Equipping Christian Leaders Feature Article: Spring 2019

 

By Dr. A. Ryan,


When Paul famously spoke of the “Unknown God” to the polytheistic Athenians, he faced the fundamental problem of communicating the Gospel from one culture to another. In today’s Western, post-Christian secular world, it is every bit as challenging to touch people who no longer hold to Christian values, presuppositions and worldviews. And the challenge is only growing more problematic. Eddie Gibbs noted that it used to be that though young people were rejecting the church they were at least interested in Jesus, but now “increasing numbers are now in search of transcendent spirituality in which Jesus no longer occupies a central place”.[1] One researcher likewise found that the Danes who live in perhaps the most secular country in the West, nevertheless are very open to spiritualities and “God,” but just not the God of the Bible.[2] How can Bible believers engage a world that seems to have no interest in or awareness of their message? While perhaps difficult, there are still opportunities to interest secular seekers in the Christian faith.


Young man on street looking at the camera

While secularism purports to eliminate God and religion from society, it can’t erase the universal attraction people have to find answers beyond this world. Most people intuitively desire to connect with an “unknown god,” and we can’t help notice that spiritual alternatives have increased even in the midst of a world that has supposedly left God behind. The result is that the secular person often encounters spirituality not in terms of doctrine but in terms of options and individualism. Characteristic of individualist culture, everyone seems to have their own take on spirituality. Anne-Louise Eriksson, head of the Church of Sweden research unit, likens the secularist’s search for spirituality like a walk in the “public park of religion” which provides a framework for belief but in which people are free to pick and choose from the things shared in the public conversation.[3]

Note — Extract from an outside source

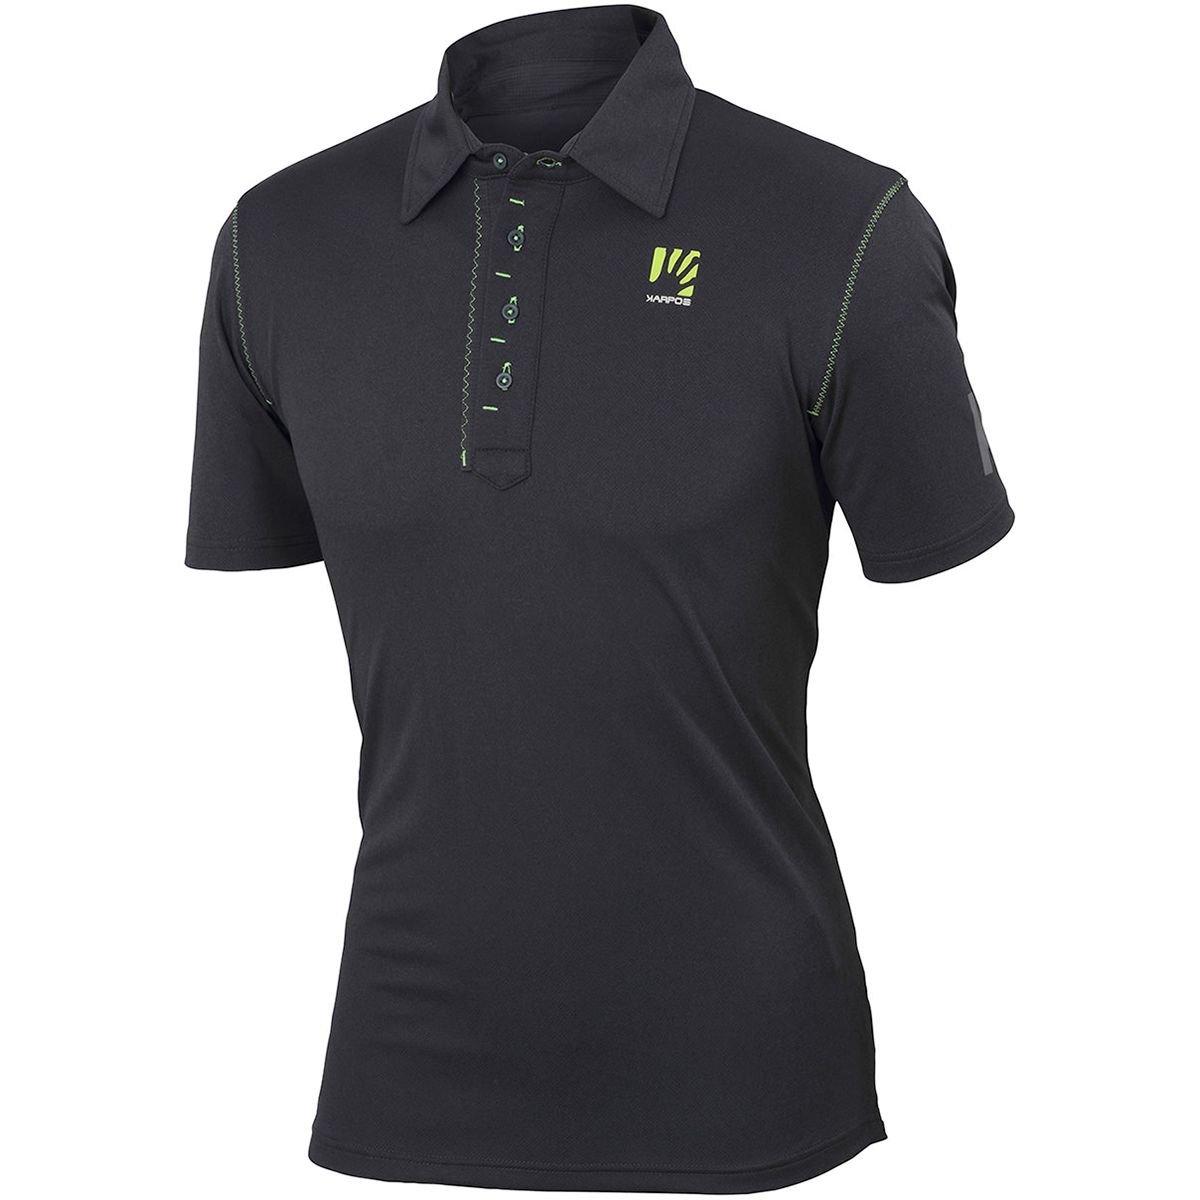 Karpos Sorapiss Polo Shirt - Dark Grau schwarz
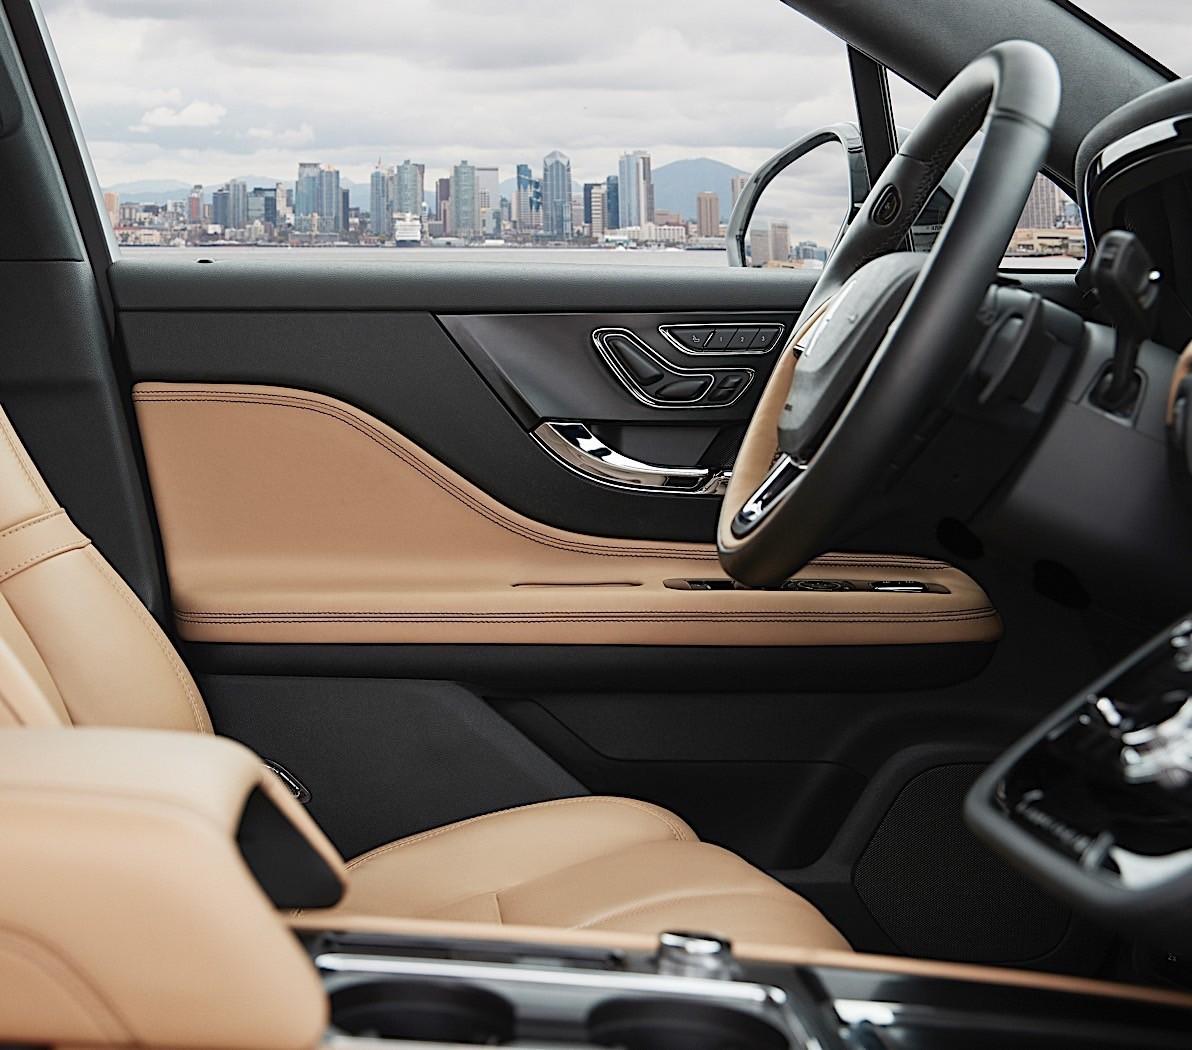 2020 Lincoln Corsair Review

It’s often difficult for Christians to address this mindset. We as Christians are often taught to present biblical truth in clear, simple logical presentations. Though this is helpful and even essential at the right time, in the midst of a plethora of competing spiritual views, our proclamations and apologetics often go unheard and unheeded. A standard Gospel presentation or apologetic often misses the target because of the amorphous nature of spiritual beliefs in secular thinking. Secular culture isn’t a monolithic set of beliefs that we can “deal with” but a scattered hybrid collection of individual beliefs taken from different groups and worldviews that a person belongs to. A Christian might give a reasoned response to one argument against the faith, but because of the varied nature of secular belief, it often seems like the person we are talking to has moved on in the park and picked another flower of interest to them. This leaves Christians scrambling to change directions in the conversation.


A second reason why logical arguments fail is because truth isn’t recognized so much by logical weight as much as by the authenticity of the message bearer. Without an authority to guide them to a particular body of belief, the secular person relies on “authenticity” to discern truth. People are open to spiritual ideas, even Christian ones, as long as the Christian is perceived to be authentic. That is, the Christian has genuine personal experiences of God that are not superficial, slavish adherences to tradition and the social games of a particular sect. Christians are particularly suspected as being inauthentic because people outside the church see Christianity as having been domesticated[4] by the self-interests of culture and tradition rather than a sincere seeking of the truth. To outsiders, we care only about our Bibles, outdated morality and bumper stickers.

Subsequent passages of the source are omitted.